_INSTRUCTIONS TO FOLLOW_:
Give back all of the data exactly as written.

_DATA PROVIDED_:
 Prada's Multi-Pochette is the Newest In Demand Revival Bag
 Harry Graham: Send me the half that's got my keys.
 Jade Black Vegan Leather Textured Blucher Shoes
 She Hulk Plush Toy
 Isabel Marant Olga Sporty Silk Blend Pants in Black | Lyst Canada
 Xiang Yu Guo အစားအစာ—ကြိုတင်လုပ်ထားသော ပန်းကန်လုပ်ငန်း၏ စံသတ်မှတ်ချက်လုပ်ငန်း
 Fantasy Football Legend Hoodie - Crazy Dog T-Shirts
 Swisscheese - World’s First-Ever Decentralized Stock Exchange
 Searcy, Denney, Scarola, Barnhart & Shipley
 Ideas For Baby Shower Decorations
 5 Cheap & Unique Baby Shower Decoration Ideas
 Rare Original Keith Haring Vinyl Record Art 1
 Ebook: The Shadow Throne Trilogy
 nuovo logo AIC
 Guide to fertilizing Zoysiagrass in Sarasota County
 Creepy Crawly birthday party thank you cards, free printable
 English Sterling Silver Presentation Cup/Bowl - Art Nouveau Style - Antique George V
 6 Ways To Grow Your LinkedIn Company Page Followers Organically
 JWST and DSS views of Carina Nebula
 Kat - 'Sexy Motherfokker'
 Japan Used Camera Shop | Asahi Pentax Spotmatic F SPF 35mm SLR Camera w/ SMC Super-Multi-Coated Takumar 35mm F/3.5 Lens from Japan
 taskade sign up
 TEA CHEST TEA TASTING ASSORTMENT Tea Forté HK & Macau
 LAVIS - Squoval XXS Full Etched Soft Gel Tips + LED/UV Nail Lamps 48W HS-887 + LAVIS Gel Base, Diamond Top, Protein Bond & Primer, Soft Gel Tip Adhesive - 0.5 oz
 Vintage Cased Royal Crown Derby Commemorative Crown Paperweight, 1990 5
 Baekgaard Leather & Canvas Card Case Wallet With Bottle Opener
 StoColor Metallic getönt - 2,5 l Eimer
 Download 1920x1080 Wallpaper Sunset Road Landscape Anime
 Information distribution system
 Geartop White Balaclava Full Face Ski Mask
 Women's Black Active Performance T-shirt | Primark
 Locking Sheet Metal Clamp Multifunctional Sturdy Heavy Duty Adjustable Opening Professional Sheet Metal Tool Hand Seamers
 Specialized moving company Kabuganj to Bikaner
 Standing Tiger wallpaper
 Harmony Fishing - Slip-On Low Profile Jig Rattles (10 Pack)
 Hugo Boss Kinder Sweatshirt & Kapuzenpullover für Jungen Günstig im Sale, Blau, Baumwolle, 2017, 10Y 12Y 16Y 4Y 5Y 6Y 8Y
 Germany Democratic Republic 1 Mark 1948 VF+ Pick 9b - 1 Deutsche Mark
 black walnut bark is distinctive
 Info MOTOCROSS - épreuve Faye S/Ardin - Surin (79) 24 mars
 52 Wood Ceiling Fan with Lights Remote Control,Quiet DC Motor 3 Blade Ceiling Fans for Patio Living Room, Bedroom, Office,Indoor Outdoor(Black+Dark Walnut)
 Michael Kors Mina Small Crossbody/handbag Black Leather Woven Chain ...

_ANSWER SPACE_:
 Prada's Multi-Pochette is the Newest In Demand Revival Bag
 Harry Graham: Send me the half that's got my keys.
 Jade Black Vegan Leather Textured Blucher Shoes
 She Hulk Plush Toy
 Isabel Marant Olga Sporty Silk Blend Pants in Black | Lyst Canada
 Xiang Yu Guo အစားအစာ—ကြိုတင်လုပ်ထားသော ပန်းကန်လုပ်ငန်း၏ စံသတ်မှတ်ချက်လုပ်ငန်း
 Fantasy Football Legend Hoodie - Crazy Dog T-Shirts
 Swisscheese - World’s First-Ever Decentralized Stock Exchange
 Searcy, Denney, Scarola, Barnhart & Shipley
 Ideas For Baby Shower Decorations
 5 Cheap & Unique Baby Shower Decoration Ideas
 Rare Original Keith Haring Vinyl Record Art 1
 Ebook: The Shadow Throne Trilogy
 nuovo logo AIC
 Guide to fertilizing Zoysiagrass in Sarasota County
 Creepy Crawly birthday party thank you cards, free printable
 English Sterling Silver Presentation Cup/Bowl - Art Nouveau Style - Antique George V
 6 Ways To Grow Your LinkedIn Company Page Followers Organically
 JWST and DSS views of Carina Nebula
 Kat - 'Sexy Motherfokker'
 Japan Used Camera Shop | Asahi Pentax Spotmatic F SPF 35mm SLR Camera w/ SMC Super-Multi-Coated Takumar 35mm F/3.5 Lens from Japan
 taskade sign up
 TEA CHEST TEA TASTING ASSORTMENT Tea Forté HK & Macau
 LAVIS - Squoval XXS Full Etched Soft Gel Tips + LED/UV Nail Lamps 48W HS-887 + LAVIS Gel Base, Diamond Top, Protein Bond & Primer, Soft Gel Tip Adhesive - 0.5 oz
 Vintage Cased Royal Crown Derby Commemorative Crown Paperweight, 1990 5
 Baekgaard Leather & Canvas Card Case Wallet With Bottle Opener
 StoColor Metallic getönt - 2,5 l Eimer
 Download 1920x1080 Wallpaper Sunset Road Landscape Anime
 Information distribution system
 Geartop White Balaclava Full Face Ski Mask
 Women's Black Active Performance T-shirt | Primark
 Locking Sheet Metal Clamp Multifunctional Sturdy Heavy Duty Adjustable Opening Professional Sheet Metal Tool Hand Seamers
 Specialized moving company Kabuganj to Bikaner
 Standing Tiger wallpaper
 Harmony Fishing - Slip-On Low Profile Jig Rattles (10 Pack)
 Hugo Boss Kinder Sweatshirt & Kapuzenpullover für Jungen Günstig im Sale, Blau, Baumwolle, 2017, 10Y 12Y 16Y 4Y 5Y 6Y 8Y
 Germany Democratic Republic 1 Mark 1948 VF+ Pick 9b - 1 Deutsche Mark
 black walnut bark is distinctive
 Info MOTOCROSS - épreuve Faye S/Ardin - Surin (79) 24 mars
 52 Wood Ceiling Fan with Lights Remote Control,Quiet DC Motor 3 Blade Ceiling Fans for Patio Living Room, Bedroom, Office,Indoor Outdoor(Black+Dark Walnut)
 Michael Kors Mina Small Crossbody/handbag Black Leather Woven Chain ...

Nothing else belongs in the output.